While I definitely need more practice before I hit the road, I went from never riding before to weaving between cones, shifting gears, trying out counter-steering and genuinely riding on my own in the course of just two days. My mom, who took the class with me, also successfully passed thanks to the excellent teaching and curriculum Harley-Davidson offers. It just goes to show, whether you’re 20 or 50, riding can be for anyone.
Given the alarming statistics involving accidents and fatalities of self-taught riders, I would recommend this class to anyone looking to officially get their motorcycle license as either a beginner or experienced rider. Even if you have been on the road for years, you may be practicing some poor or unsafe habits without even realizing. If you have never ridden before, it is in your best interest to start out in with the safest skill set possible. The purpose of the Harley-Davidson Riding Academy is to get more motorcyclists on the road and to keep them there for many years to come by introducing safe riding habits and skills. I definitely feel confident in my ability to flourish as a rider in the coming months and years thanks to the excellent foundation I was given in this course.
If you’re looking to get into riding, I cannot recommend this course enough. It is thorough and comprehensive, but still extremely individualized. What’s more, it will give you a feel for the supportive nature of the riding community.
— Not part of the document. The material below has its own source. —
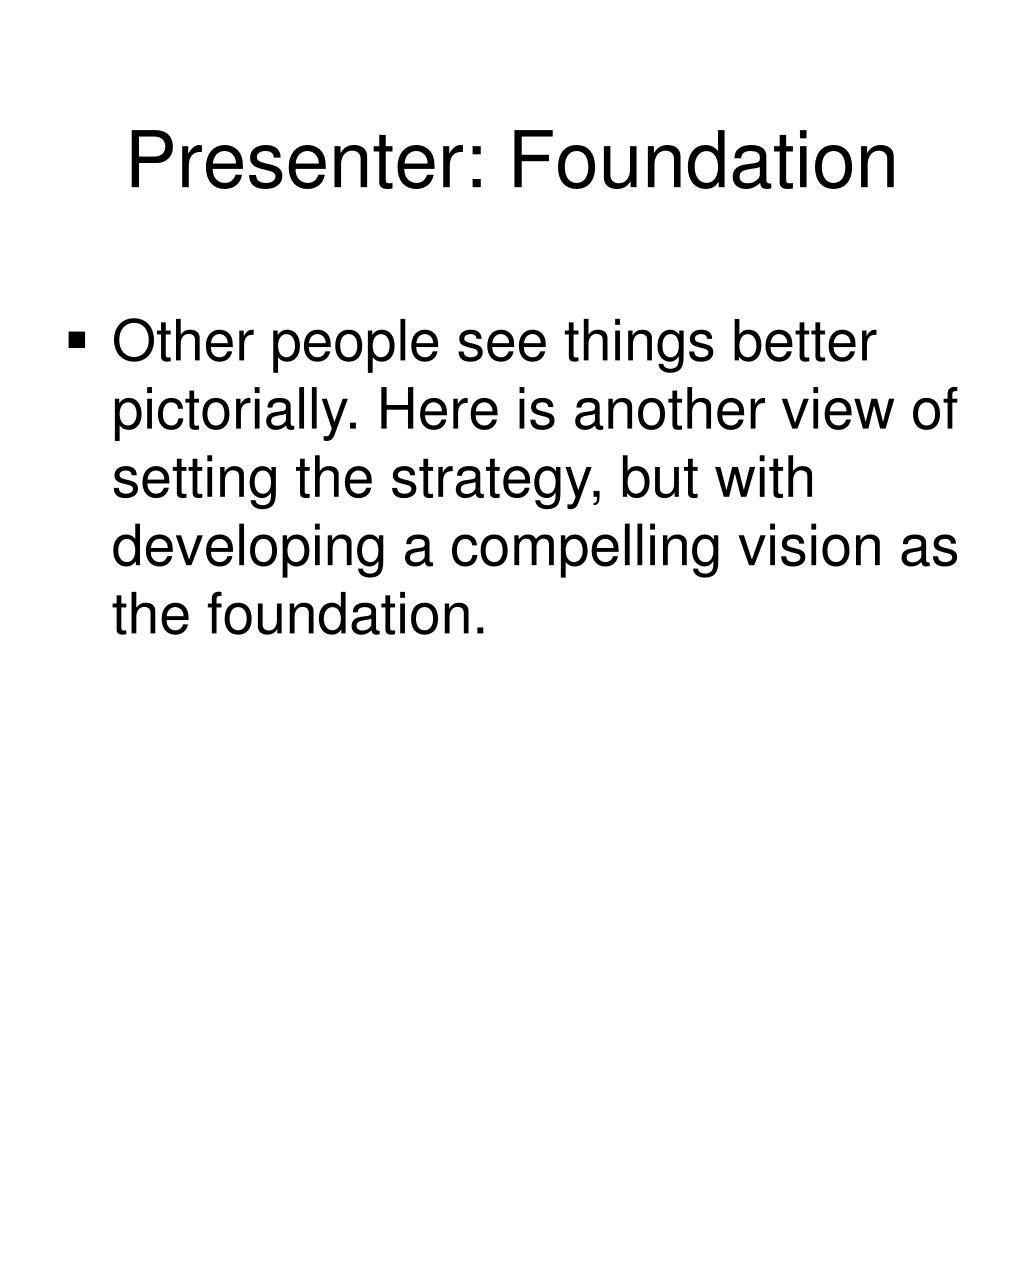 Presenter: Foundation
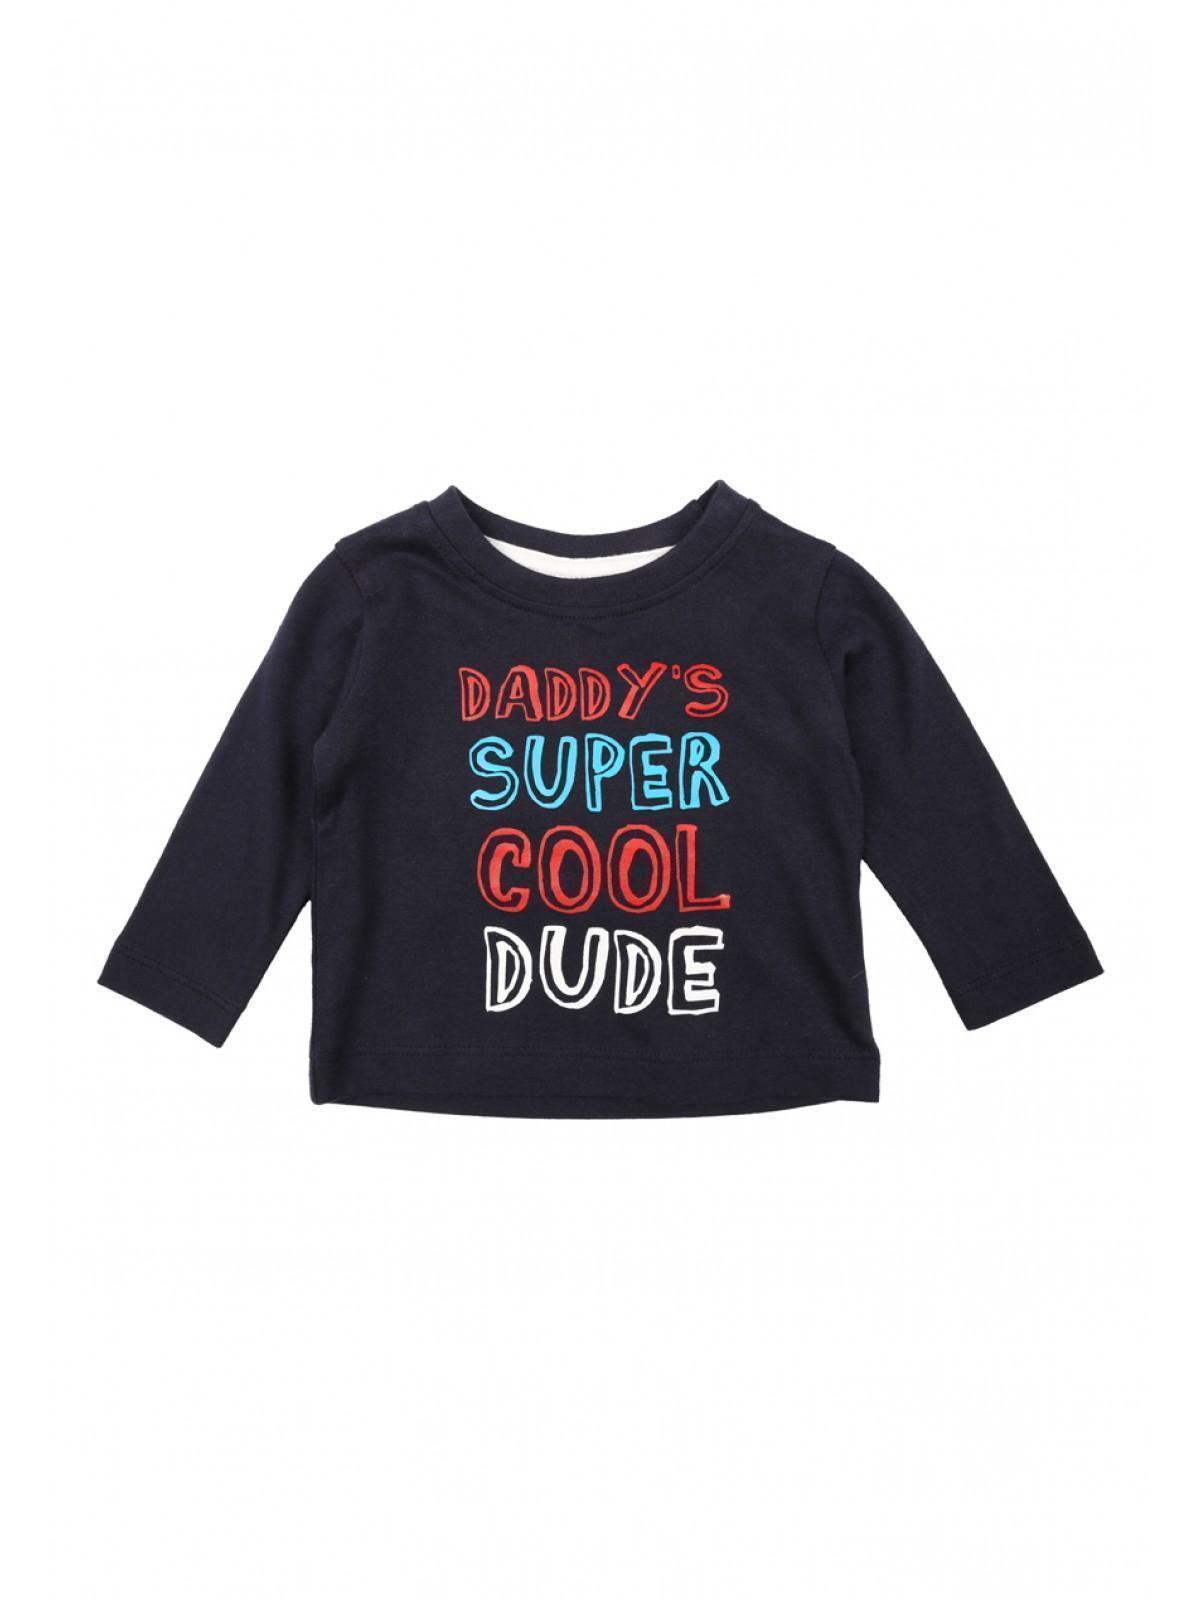 Boys aby Boys Cool Dude T Shirt | Peacocks

My mom and I grabbed lunch with one of the other ladies in our class, we were congratulated by random people walking around the dealership, and others who had taken the class before were absolutely thrilled to see we were learning. While it was a little nerve-wracking, taking this major step in learning how to ride only makes me excited for the journey to come.
As my instructor explained on Sunday, the class is meant to be a “celebration of knowledge” by the end of the weekend. Overall, they’re teaching you the steps it takes to ride safe and smart while ensuring you “enjoy the ride”.